Luther et Watch se retirèrent l’un traînant l’autre, ou étant traînés en quelques places glissantes.

– En avant, les amis ! cria Joë s’élançant vers le bois.

– Hoo ! hoo ! en avant ! répéta une voix étrangère ; et que le diable emporte le dernier !

Chacun se retourna étonné ; tout à-coup les deux Frazier poussèrent une exclamation :

– Tiens ! c’est Ned ! Comment va, Ned ?

– Comment va, Bob ? et toi, Joë ? cria le nouvel arrivant, beau garçon vêtu d’un étrange costume, demi chasseur, demi militaire.

– D’où arrives-tu, Ned ?

– N’en parlons pas pour le moment ; marchons vite, si nous ne voulons pas que ce vieux Nemrod là-haut triomphe sur toute la ligne.

Sur ce propos, il partit en avant, faisant le plus étrange moulinet avec ses deux bras et marchant avec une surprenante rapidité sur ses raquettes longues de trois pieds et demi.
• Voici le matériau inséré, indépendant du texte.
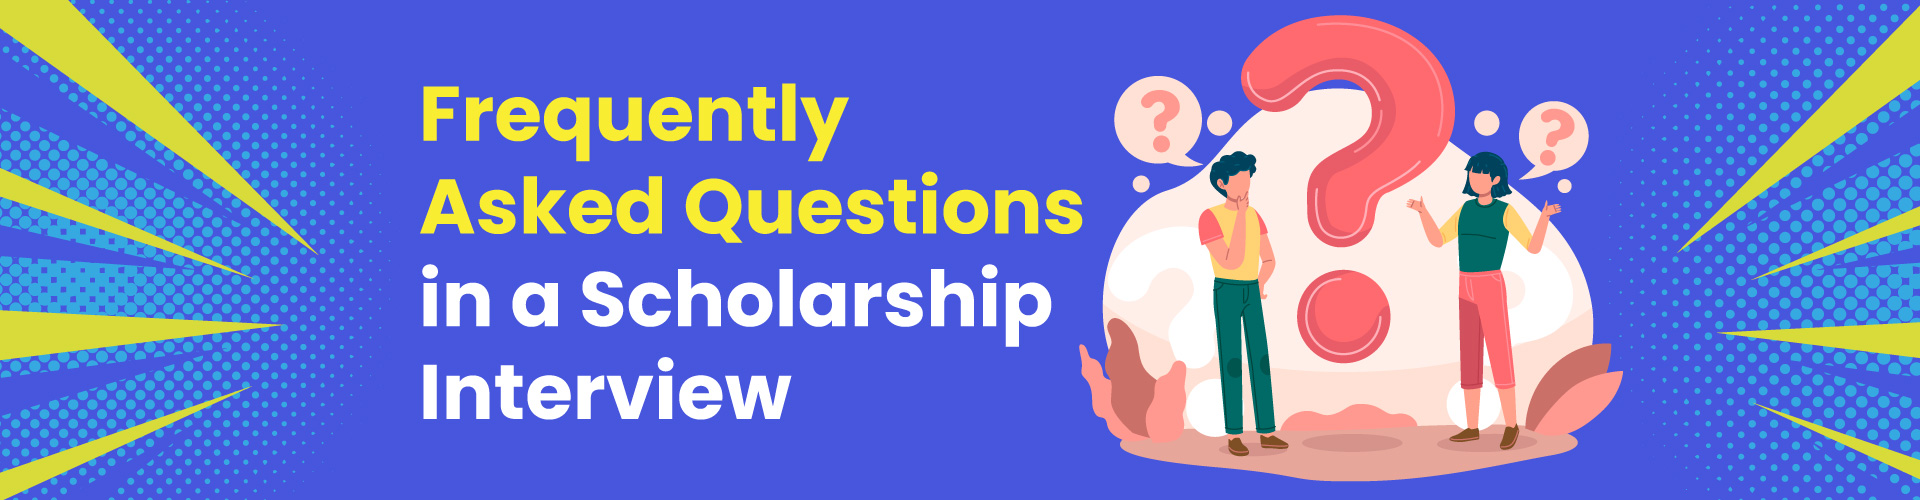 Frequently Asked Questions in a Scholarship Interview

Il eut promptement gagné l’avance sur le Brigadier, qui, de son côté, s’était arrêté au bruit pour attendre l’arrivée du nouveau venu.

– Hallo ! Édouard, c’est vous ! s’écria-t-il en le reconnaissant, d’où venez-vous donc ?
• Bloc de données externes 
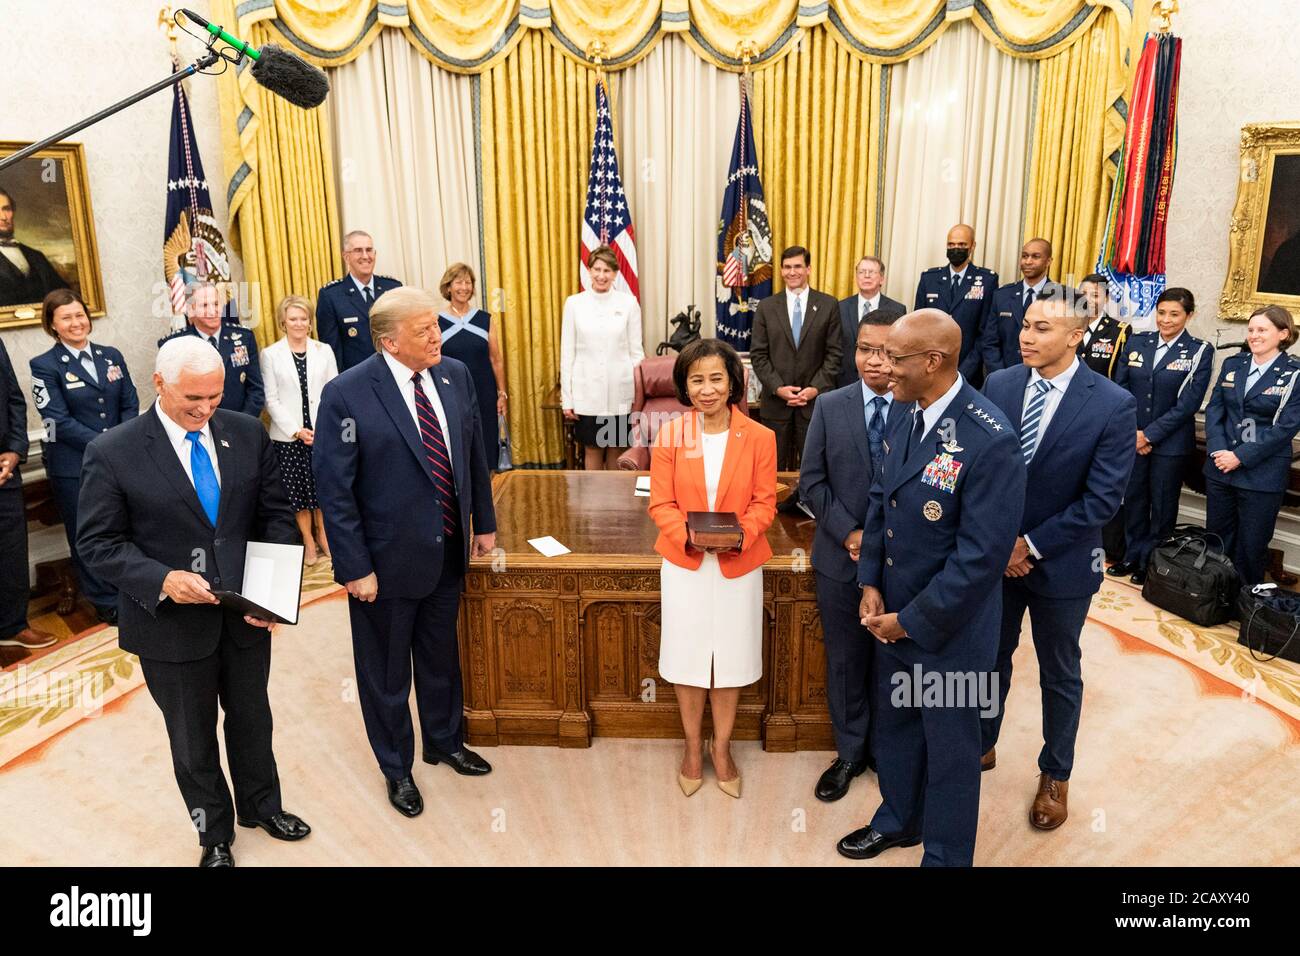 U.S. President Donald Trump and Vice President Mike Pence swear in Air Force General Charles Q. Brown, as the new Air Force Chief of Staff in the Oval Office Room of the White House August 4, 2020 in Washington, DC. Stock Photo

– De l’Est, là-bas, répondit le jeune homme en indiquant les plateaux inférieurs où était située la Grand-Maison.

– Est-il possible ! vous avez vu la vieille femme et les enfants ?

– Oui.

– Et comment les avez-vous laissés ?

– À ravir, tous ; excepté Lucy.

– Qu’a-t-elle donc ?

– On ne peut pas savoir… les nerfs peut-être.

– Bon ! bon ! ça ne me surprend pas ; elle devait se marier ces jours-ci, précisément ces jours… Ned.

– Ah ! fort bien ! alors n’en parlons plus. Le temps me durait de vous voir, et je suis venu vous dire un petit bonjour.

– Venez ici, mon garçon, je vous montrerai dans cinq minutes quelque chose qui vous fera dresser les cheveux sur la tête : voyez-vous, du côté du bois… non, non, pas là, plus loin où on aperçoit une sorte de clairière ?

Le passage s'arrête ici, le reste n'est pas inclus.